1. Декомпенсация обмена веществ (кетоацидоз, диабетическая кома гиперосмоляльная ацидотическая или неацидотическая, лактатацидоз)

Недостаточное влияние эндогенного инсулина (например, бактериальные осложнения) и/или недостаточное введение экзогенного инсулина (использование инсулиновых шприцев с плохо пригнанным поршнем!) ведут к повышению содержания в плазме глюкагона и прогрессирующей декомпенсации обмена веществ, тяжелой формой которой является диабетическая кома (Gerich с соавт.). Гипергликемия и значительные нарушения кислотно-щелочного, а также водного и электролитного баланса являются наиболее существенными следствиями этой декомпенсации.

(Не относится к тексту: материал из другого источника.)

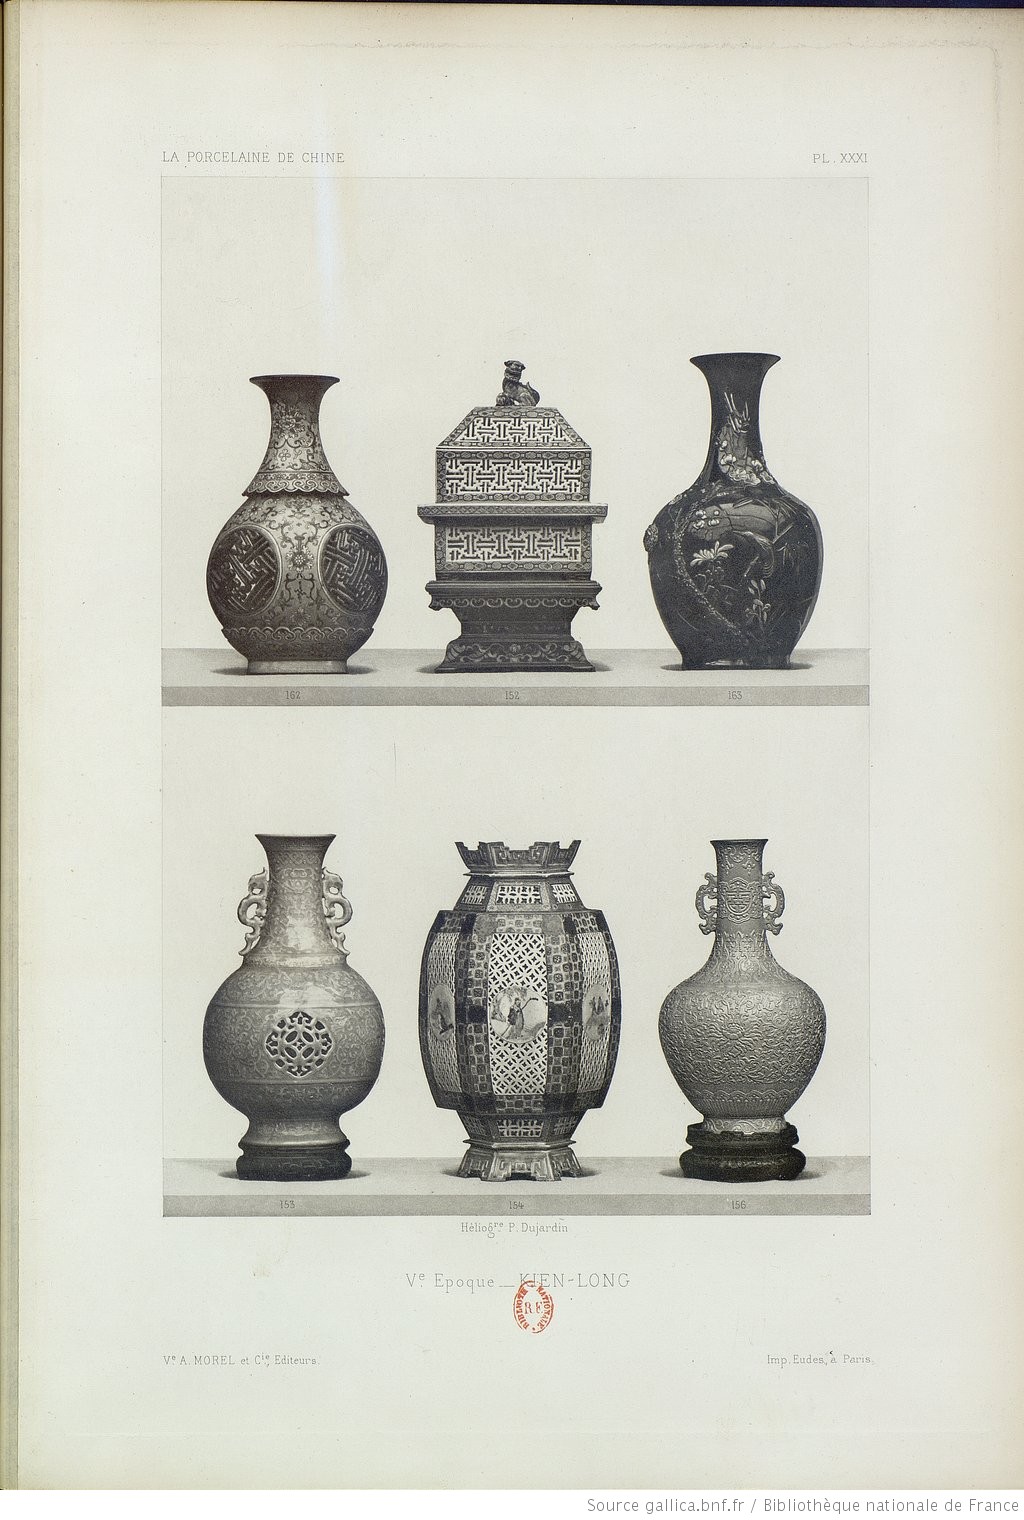 Book illustration representing Chinese porcelains.

— Метаболический ацидоз; при липолизе и гликолизе увеличивается количество активного ацетата, который при нормальных условиях метаболизируется в цикле лимонной кислоты. Так как этот путь расщепления нарушается, повышается уровень кетоновых тел (ацетоуксусная кислота, далее образуется р-гидроксимасляная кислота и ацетон). За сутки с мочой при диабетическом ацидозе выделяется от 30—50 г кетоновых тел (в норме 0,5 г). Вследствие кетоацидоза, а также понижения внутриклеточного окисления глюкозы развивается трансминерализация. Для ренальной элиминации кислотных радикалов используются катионы, поэтому наступает потеря минералов (калия, натрия, кальция, магния, см. рис. 106). Метаболический ацидоз может усиливаться в результате образования лактат, повышенного образования сульфатов и фосфатов (повышенный распад белка) и нарастающей почечной недостаточности. При параличе дыхания повышается значение рСО2 .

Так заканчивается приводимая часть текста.